Pictures are to be left out, and only the lines below starting at the one with "From doodles to" and ending at the one with "#MunixMagic #CreativeJourney #ArtisticExpression" are to be reproduced, each exactly, both ends included.
Information provided section start
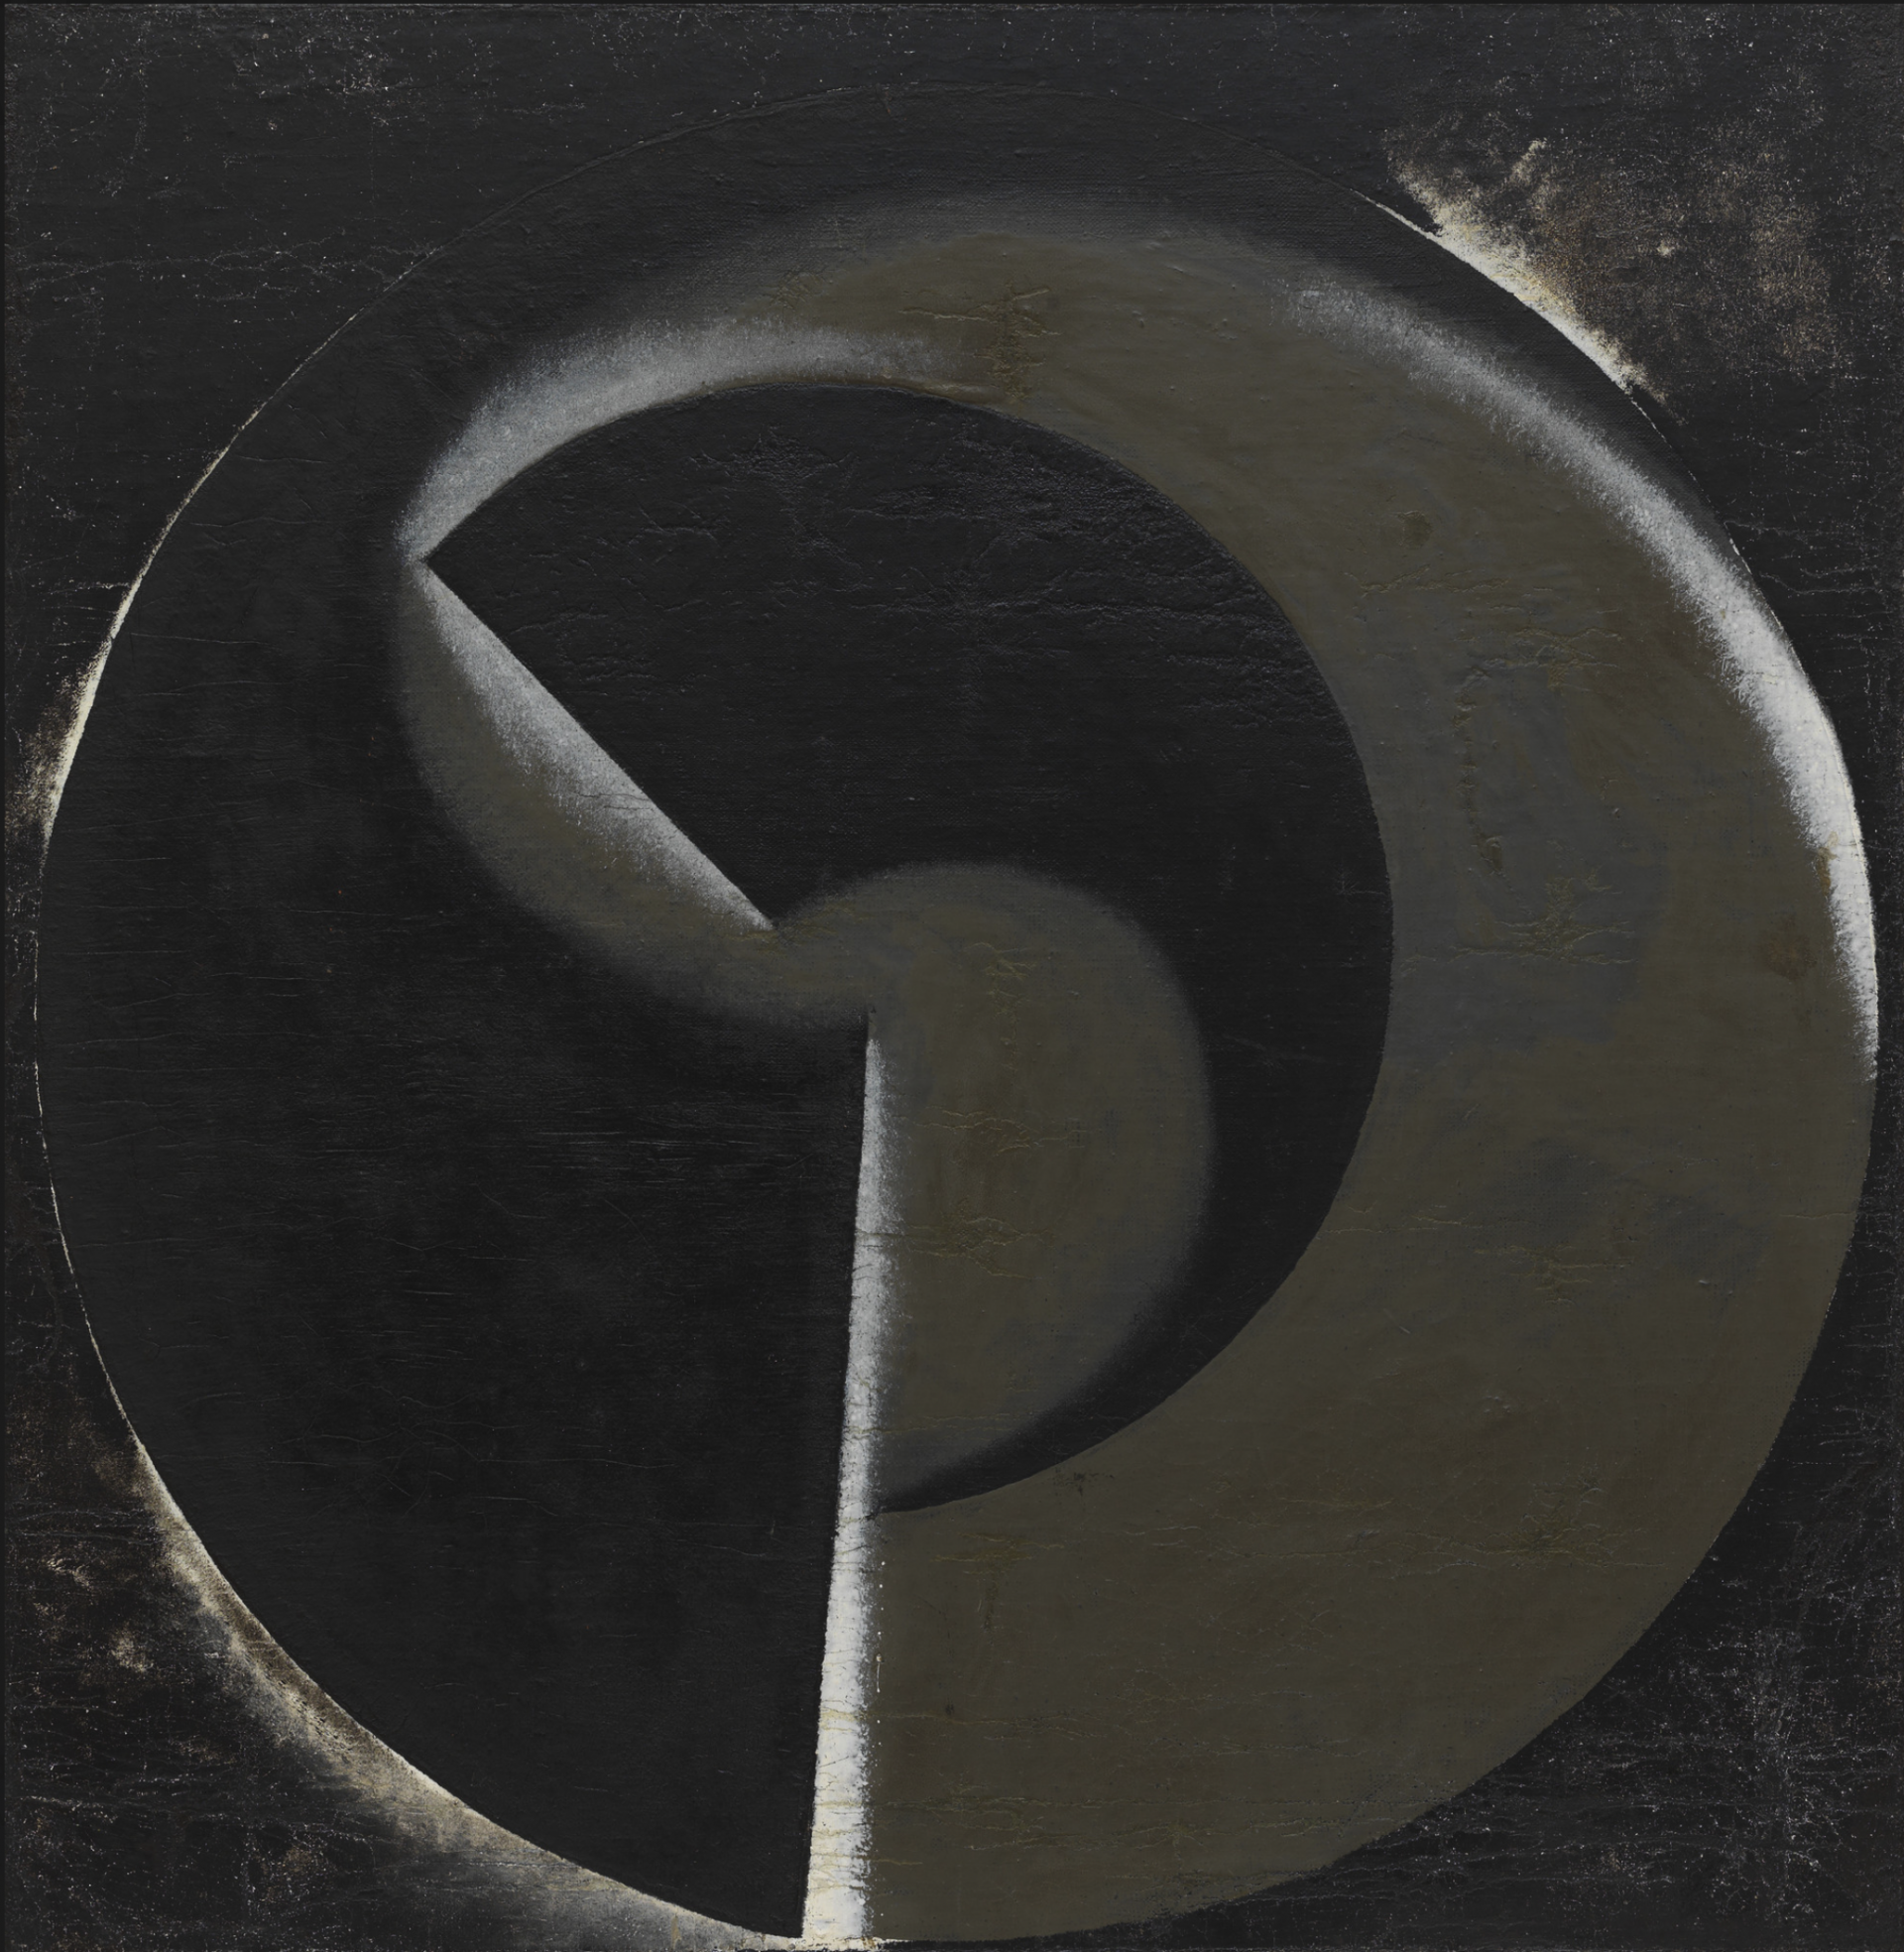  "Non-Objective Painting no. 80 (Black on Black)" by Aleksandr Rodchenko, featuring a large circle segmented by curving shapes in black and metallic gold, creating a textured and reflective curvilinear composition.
Information provided section end
Information provided section start
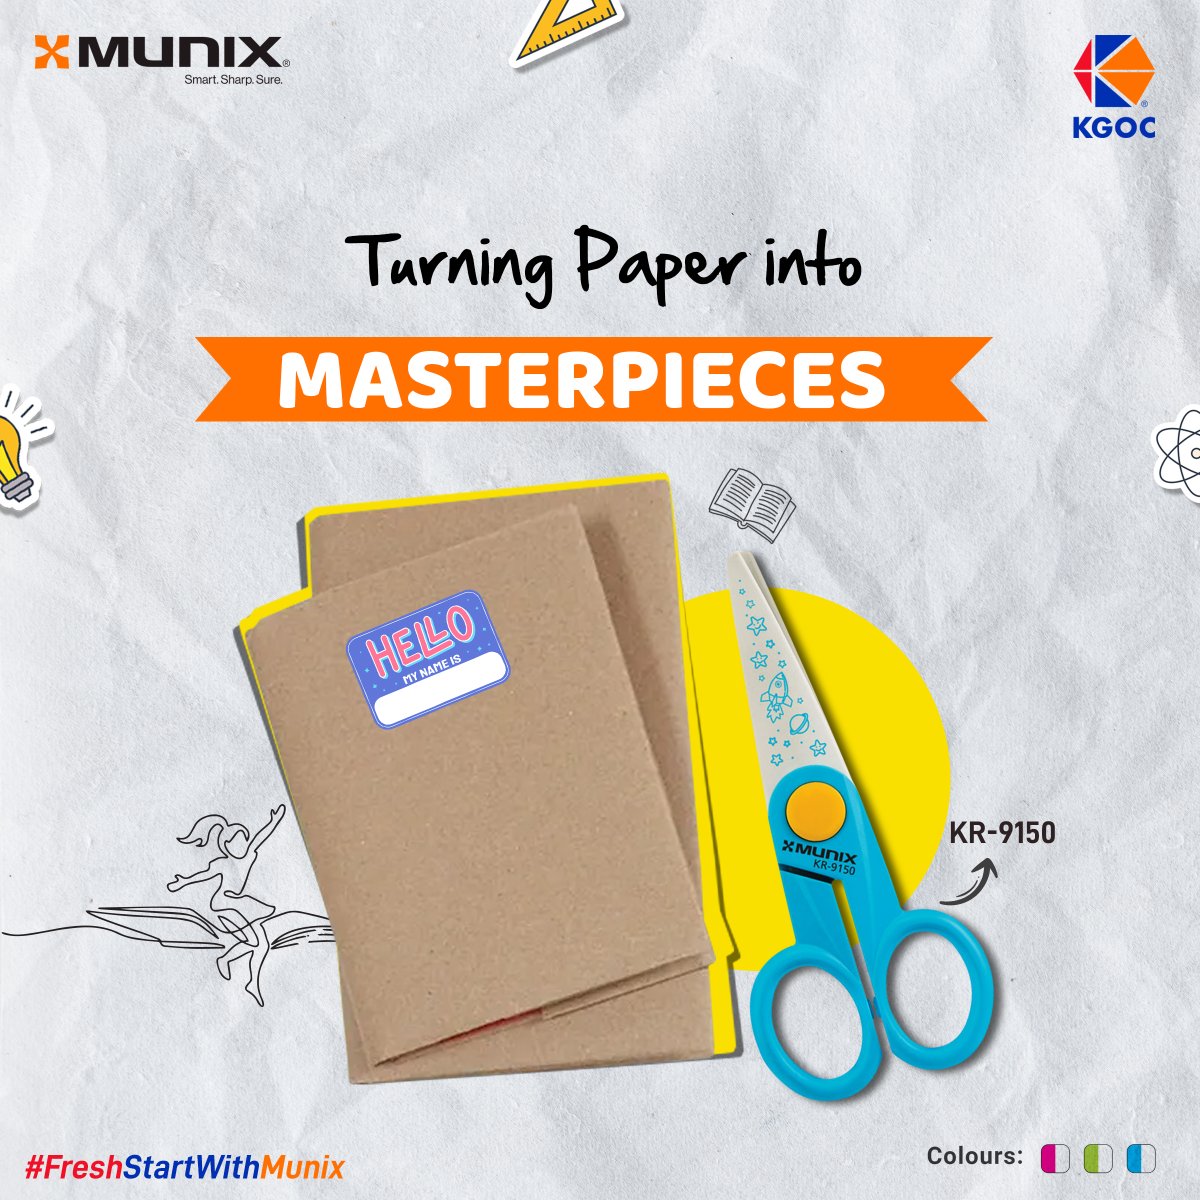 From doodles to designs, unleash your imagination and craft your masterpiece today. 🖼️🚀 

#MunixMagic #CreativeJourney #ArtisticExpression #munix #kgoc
Information provided section end
** Task result **
 From doodles to designs, unleash your imagination and craft your masterpiece today. 🖼️🚀 

#MunixMagic #CreativeJourney #ArtisticExpression #munix #kgoc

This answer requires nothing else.